■ Work item ■
Look through the entries below for the line with "stores_25.JPG" and the line with "Chris Wacey Calleros", then give again exactly those two lines and all lines between them, minus the pictures.

■ Dataset records ■
====

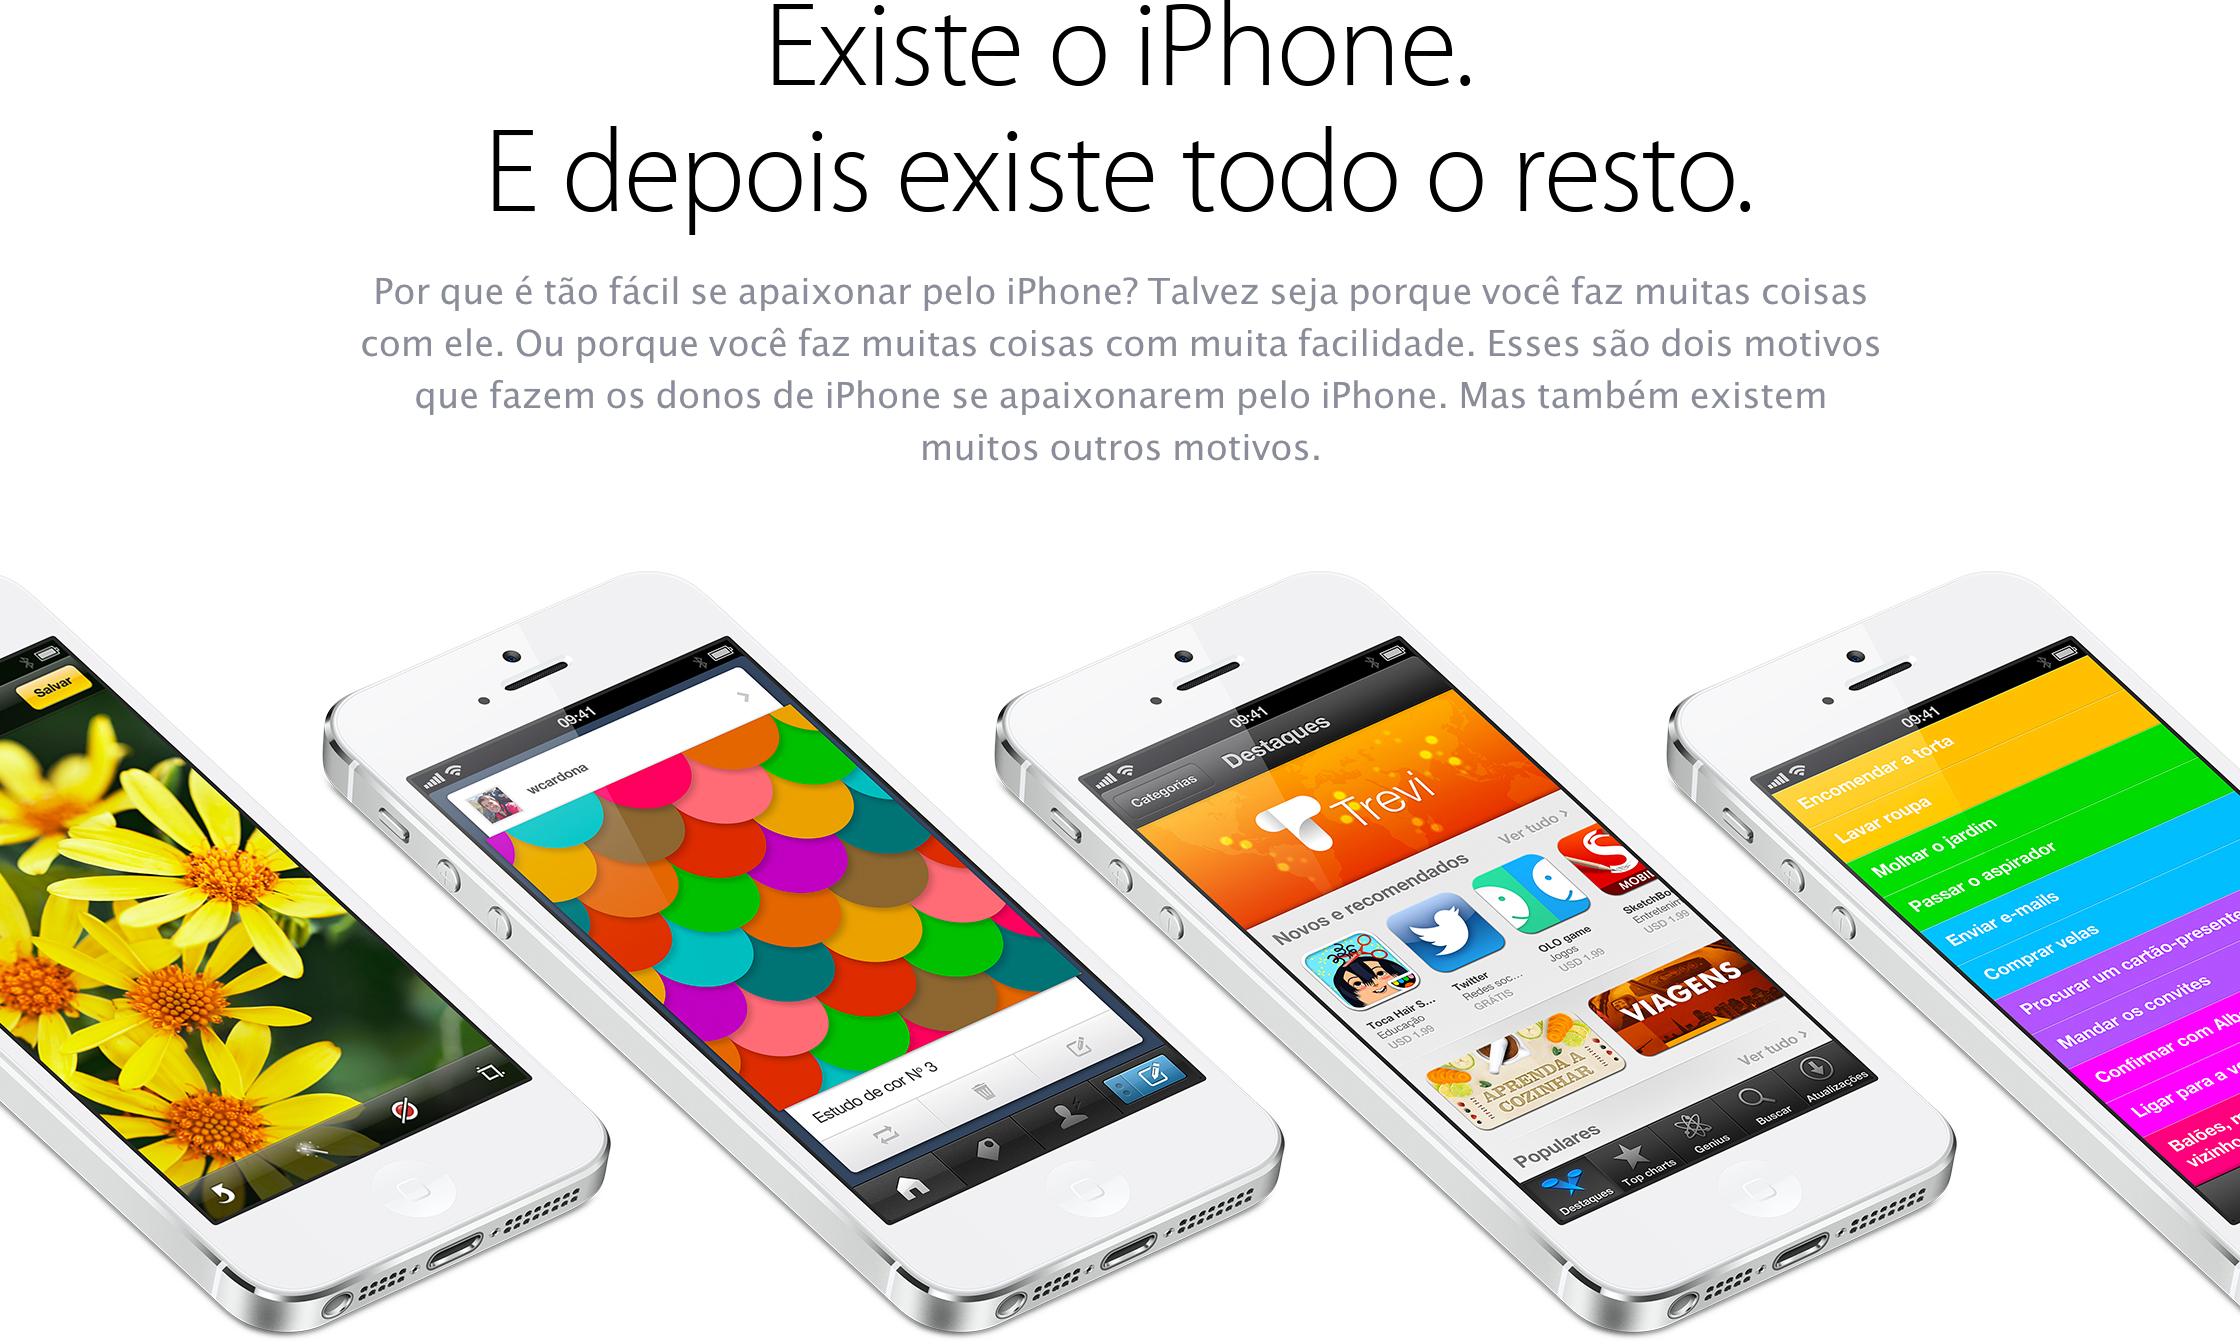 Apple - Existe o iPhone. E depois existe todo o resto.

====

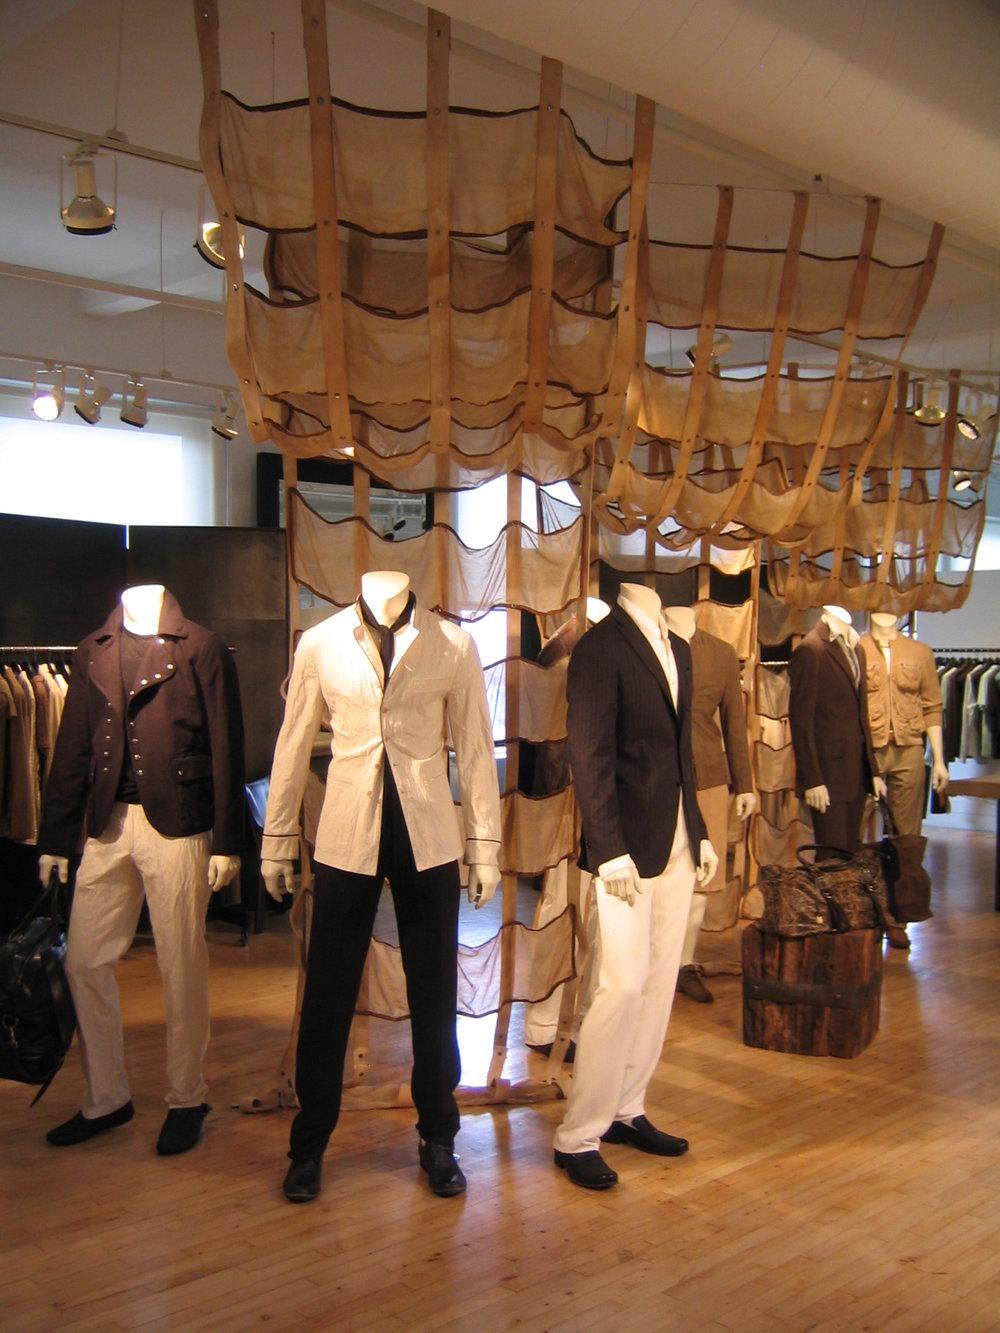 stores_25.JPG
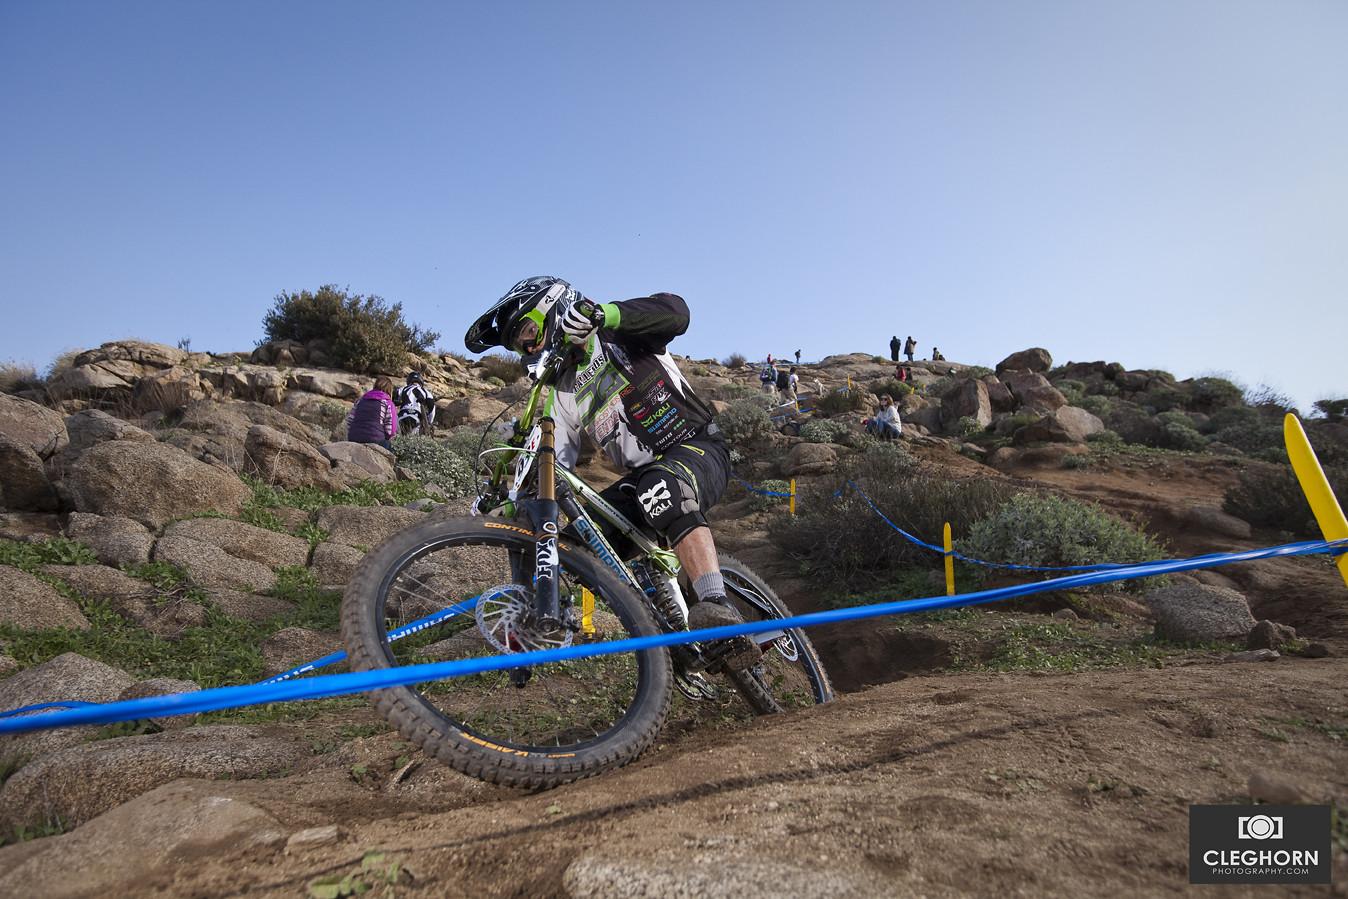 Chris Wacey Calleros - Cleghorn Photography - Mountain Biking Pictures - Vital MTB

====

■ Solution below ■
 stores_25.JPG
 Chris Wacey Calleros - Cleghorn Photography - Mountain Biking Pictures - Vital MTB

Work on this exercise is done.